The Jordan form for 4x4 matrix

Question

Suppose that a 4x4 matrix $A$ has vectors $v_a,b_b,v_c,v_d$ that satisfy $$Av_a=v_c, Av_c=-v_a, \ \ Av_b=-2v_b,\ \ Av_d=-2v_d+3v_b.$$

I want to find the Jordan canonical form of $A$, and the matrix $P$ such that $A=PJP^{-1}.$

I feel the question is ambiguous because when saying $A$ has vectors $v_a,b_b,v_c,v_d$ such that ... does it mean that $A's$ columns or rows consist of those vectors or $A$ is a matrix which is unknown but satisfies those condition above. So I am really greatful fo any help or hints

Answer 1

It means exactly what it says, not more and not less. In matrix notation that gives $$ A[v_a,v_c,v_b,v_d]= [v_a,v_c,v_b,v_d] \begin{bmatrix} 0&-1&0&0\\ 1&0&0&0\\ 0&0&-2&3\\ 0&0&0&-2 \end{bmatrix} $$ In this form the task of identifying the Jordan normal form is greatly reduced. The transformation matrix has to use the basis matrix $V=[v_a,v_c,v_b,v_d]$ with the unidentified column vectors of the basis used.

Answer 2

the given relations mean that, in the basis $\mathbf V=\{v_a,v_b,v_c,v_d\}$ (the vectors must be linearly independent) The linear transformation $A$ is represented by the matrix $$ A=\begin{bmatrix} 0&0&-1&0\\ 0&-2&0&3\\ 1&0&0&0\\ 0&0&0&-2 \end{bmatrix} $$ Remember that in that basis $\mathbf V$ the vectors are represented as $v_a=[1,0,0,0]$, $v_b=[0,1,0,0]$, $v_c=[0,0,1,0]$, $v_d=[0,0,0,1]$.

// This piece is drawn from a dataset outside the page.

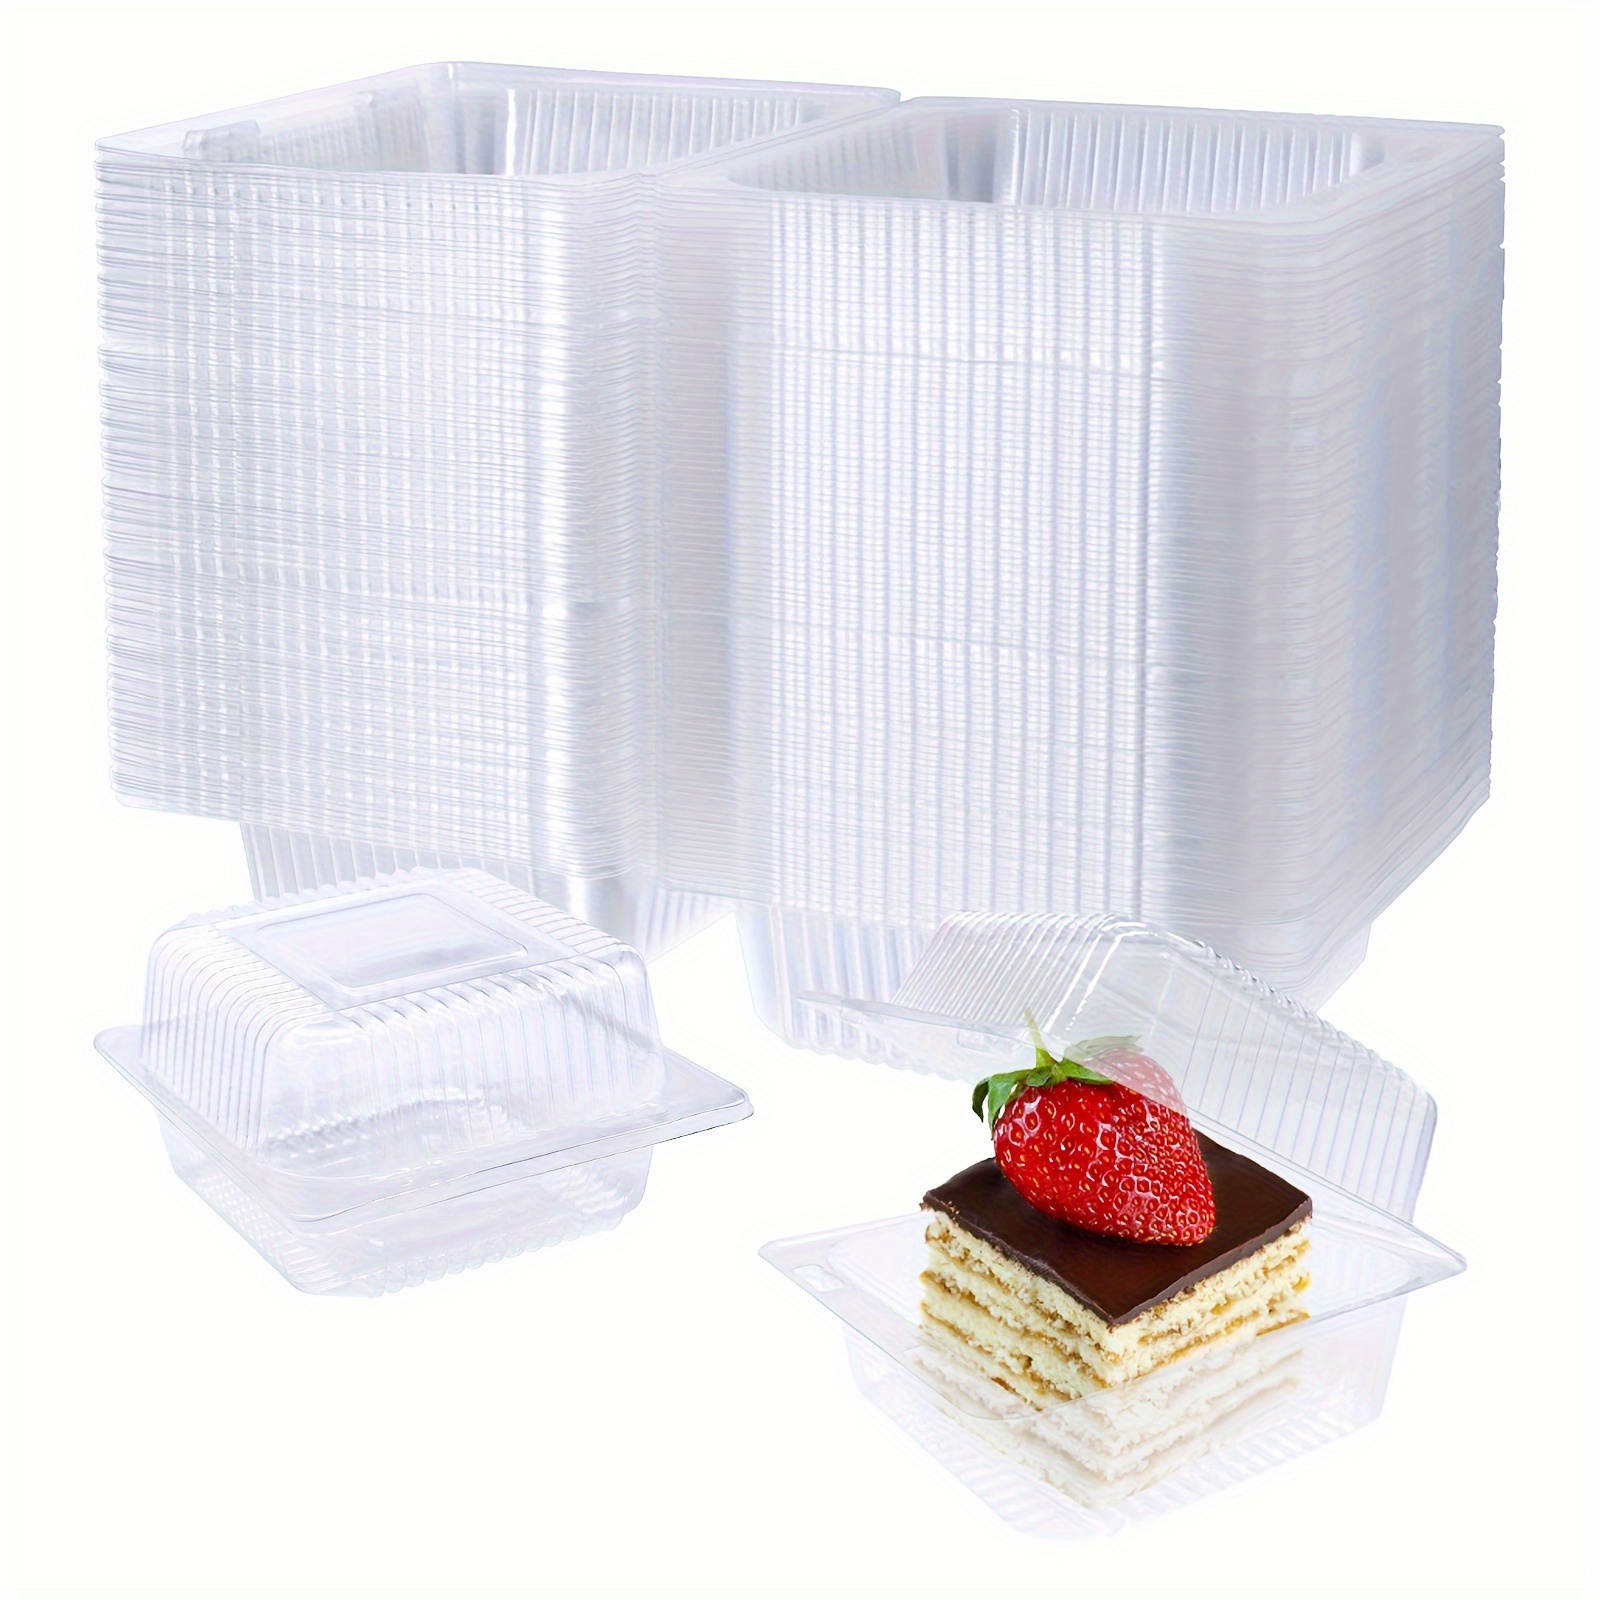 

100pcs Clear Plastic Square Hinged Food Containers, Disposable Take-out Boxes With Transparent Lids For Cake , Clamshell Pastry, Salad, Dessert Carry-out Trays, Food Packaging Supplies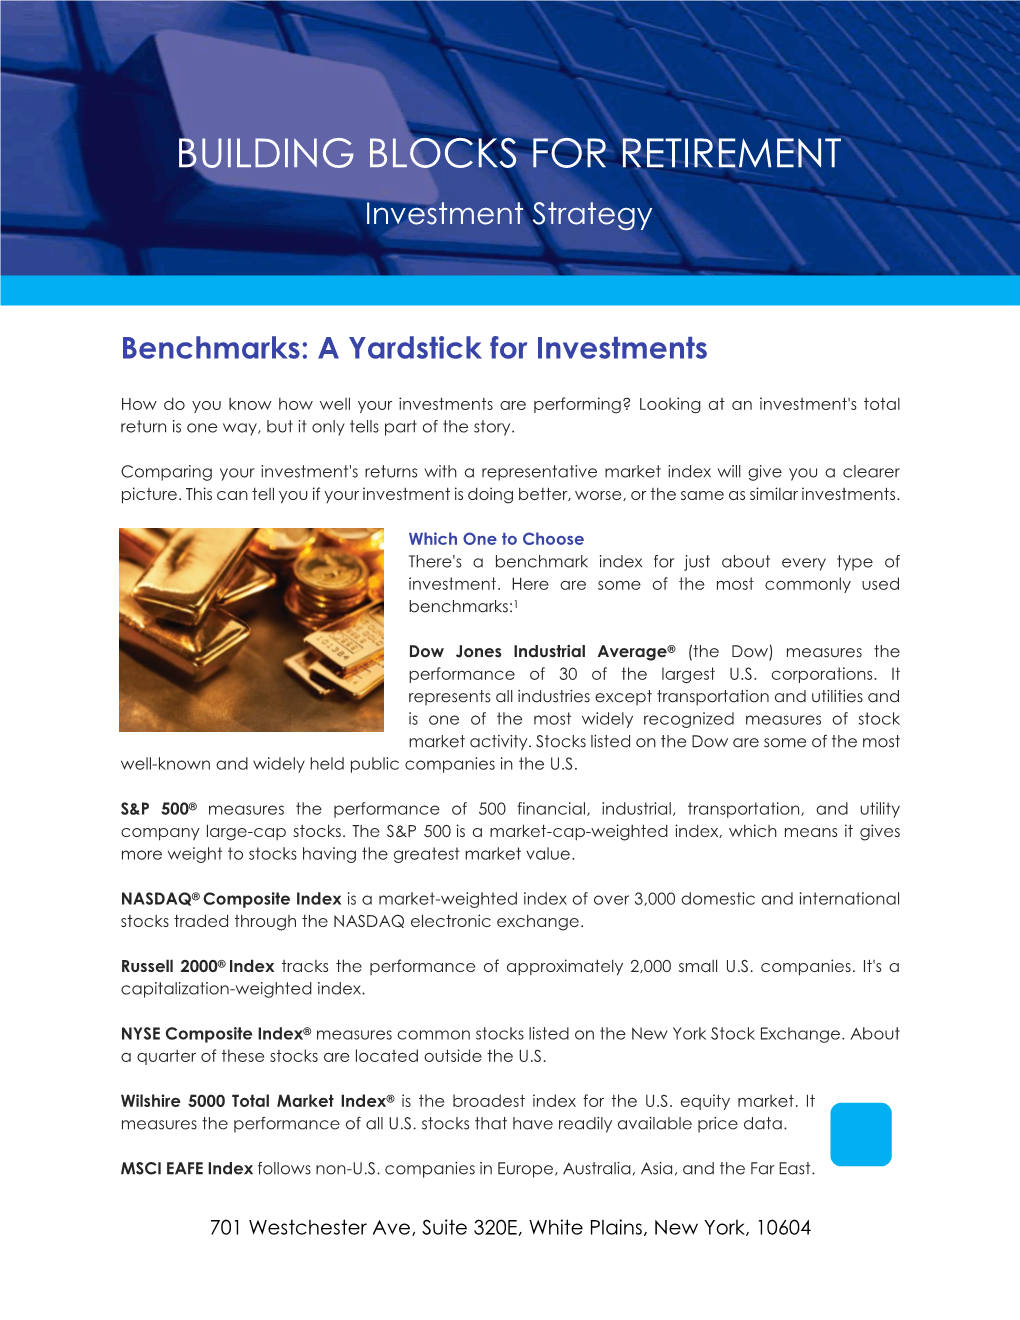 Benchmarks: a Yardstick for Investments

The Jordan form $>J$ of this matrix is given by: $$ J=S^{-1}AS $$ with (from WolframAlpha)

$$ J=\begin{bmatrix} -2&1&0&0\\ 0&-2&0&0\\ 0&0&-i&0\\ 0&0&0&i \end{bmatrix} \qquad S=\begin{bmatrix} 0&0&-i&i\\ 1&0&0&0\\ 0&0&1&1\\ 0&1/3&0&0 \end{bmatrix} $$

this means that the eigenvalue $\lambda_1=-2$ has an eigenvector $$\nu_1=[0,1,0,0]^T=v_b:$$ (as we can see from the third condition), and a generalized eigenvector $$\nu_2=\left[0,0,0,\frac{1}{3}\right]^T= \frac{1}{3}v_d$$.

The other eigenvalues and eigenvectors are: $$ \lambda_2= i \qquad \nu_2=[i,0,1,0]^T $$

$$ \lambda_3= -i \qquad \nu_3=[-i,0,-1,0]^T $$

If you know the components of the vectors of the basis $\mathbf V$ in another basis you can express the eigenvectors in this other basis.